A word-for-word copy of the listing is what's needed; leave out every image.

__Information shown__.
_ _ _ _ _ _ _
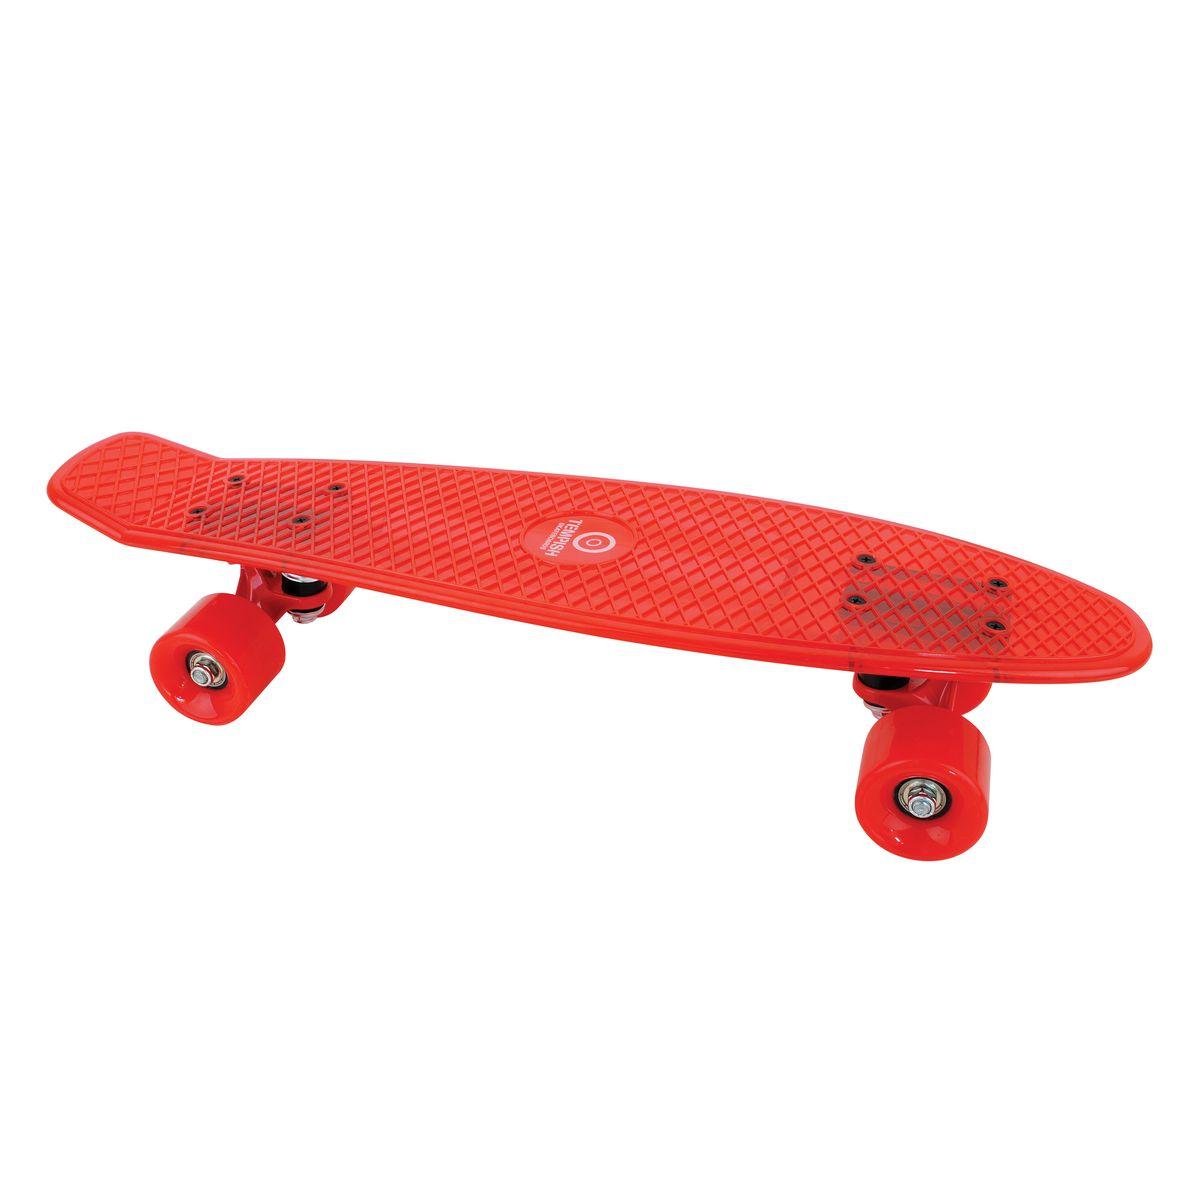 Скейтборд пластиковый Tempish Buffy Star, цвет: красныйRUC-01Пени борд Tempish Buffy нагрузка до 100 кг
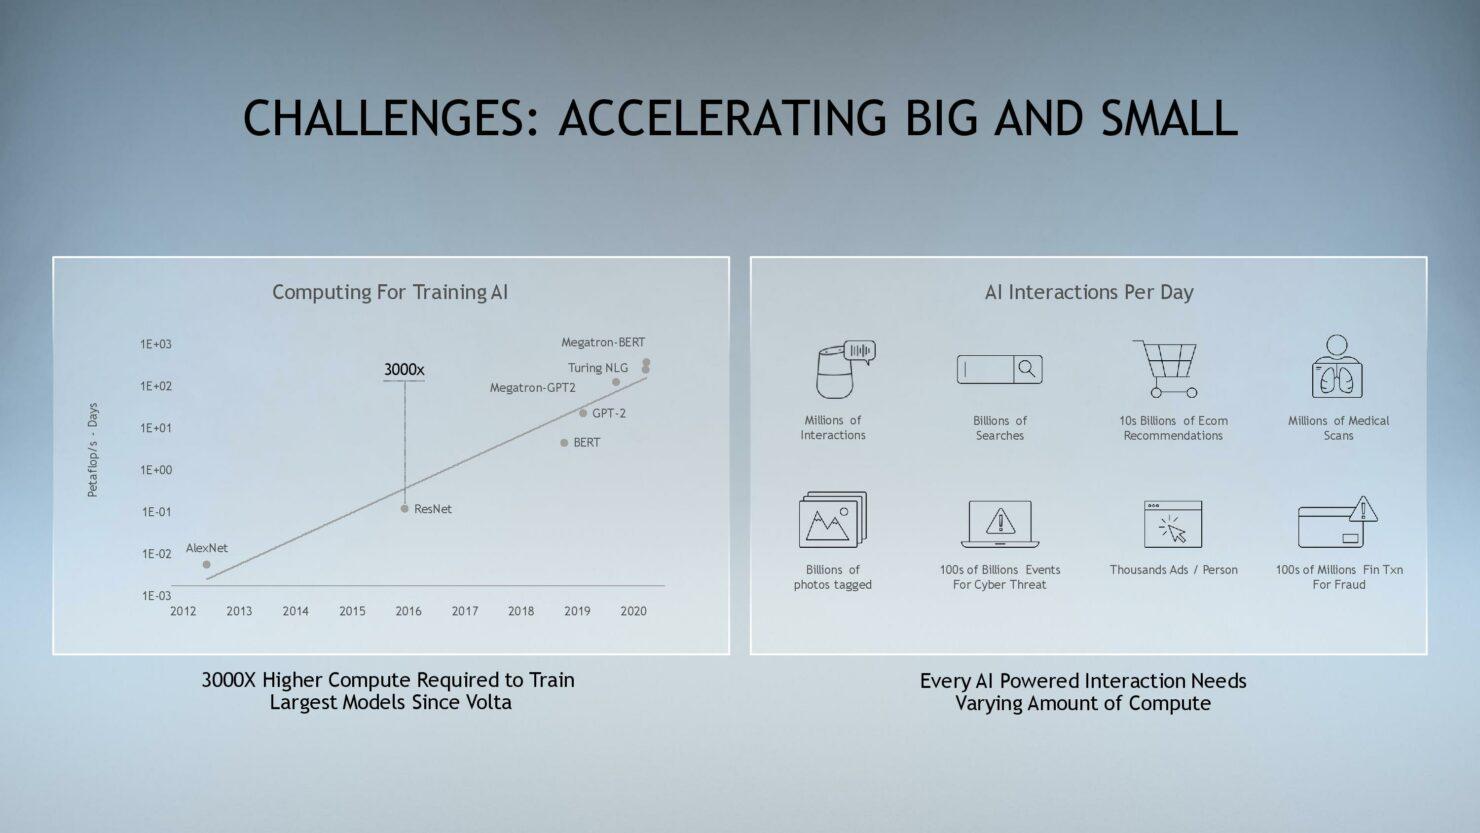 nvda-1qfy21-investor-presentation-5-21-20-final-page-020
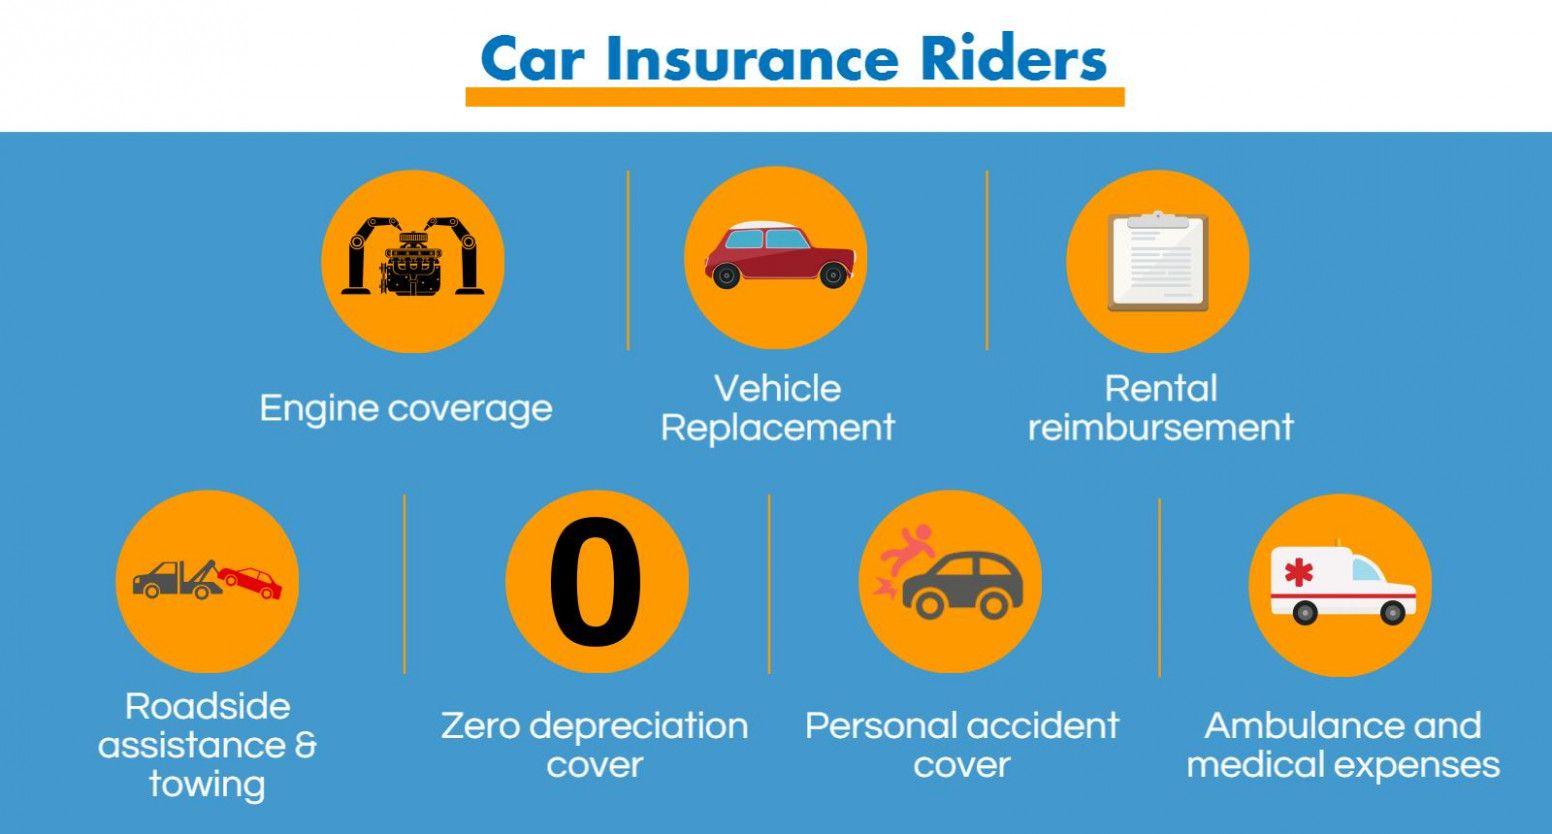 Pin By Yoedee Ali On Soul Insurances Car Insurance Car Rental Car
_ _ _ _ _ _ _
__Result for this task__.
 Скейтборд пластиковый Tempish Buffy Star, цвет: красныйRUC-01Пени борд Tempish Buffy нагрузка до 100 кг
 nvda-1qfy21-investor-presentation-5-21-20-final-page-020
 Pin By Yoedee Ali On Soul Insurances Car Insurance Car Rental Car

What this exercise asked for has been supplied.